B grubu vitaminlerin konsantrasyonu peynirin
olgunlaşması sırasında değişir.

Çünkü bu evrede peynir mikroflorası söz
konusu vitaminleri hem sentezler hem de
tüketir.Bu oluşum,üretimde kullanılan starter
kültürün tipine ve depolama süresine
bağlıdır.Fakat uzun bir olgunlaşma süreci
sonunda bu vitaminlerin konsantrasyonu
genellikle artar.Bu artış özellikle B1,B12
vitaminleri ile niasin ve pantotenik asitte son
derece belirgindir;ama riboflavin ve folik asit
konsantrasyonu olgunlaşmanın sonunda
çoğunlukla azalır.

Besinlerin hücrelere ulaşabilmesi aşağıdaki 3
etkene bağlıdır;
a)Alınan besin miktarına,
b)Bu besinin ne kadarının sindirilip
emilebildiğine,
c)Bir besin türünün başka bir besin türüne
dönüştürülebilmesine.

Kısaca tanımlamak gerekirse sindirim,
yiyeceklerdeki bileşiklerin küçük molekül
ağırlığındaki yapı taşlarına hidrolizi demektir.
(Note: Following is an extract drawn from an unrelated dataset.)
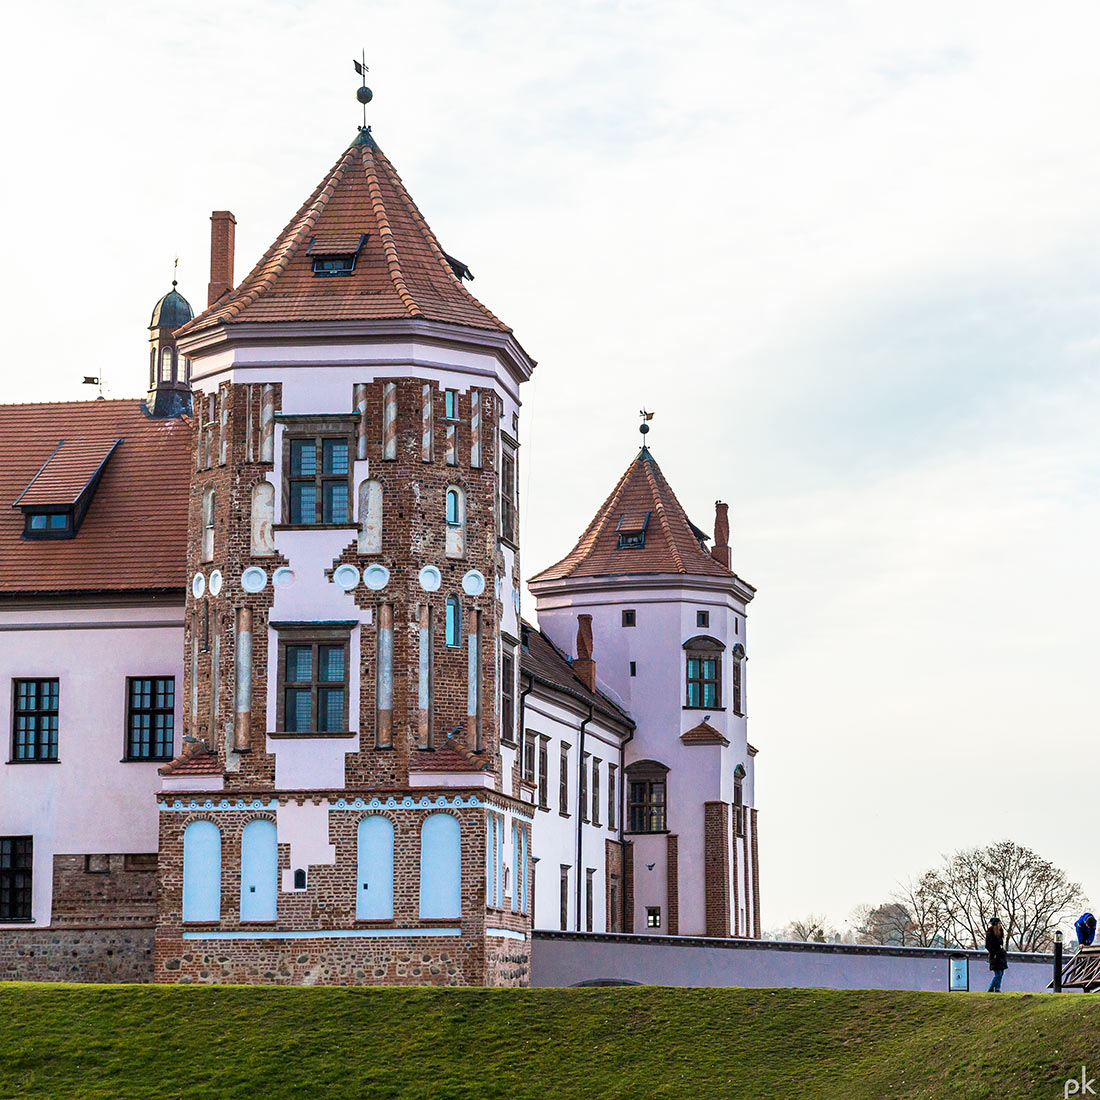 Мирский замок: исключительный образец самобытной белорусской готики Средневековья история,мир,отдых,поездка,путешествия,тур,туризм,экскурсионный тур

Proteinler aminoasitlere,karbonhidratlar şekerlere
ve yağlar(bir kısmı)serbest yağ asitleriyle gliserole
hidroliz olurlar.Bu bağlamda sorumlu en belli başlı
enzimler, peptitleri hidrolize eden proteazlar ile
glikozitleri hidroliz eden glikozidazlar ve ester
bağlarını hidroliz eden lipazlardır.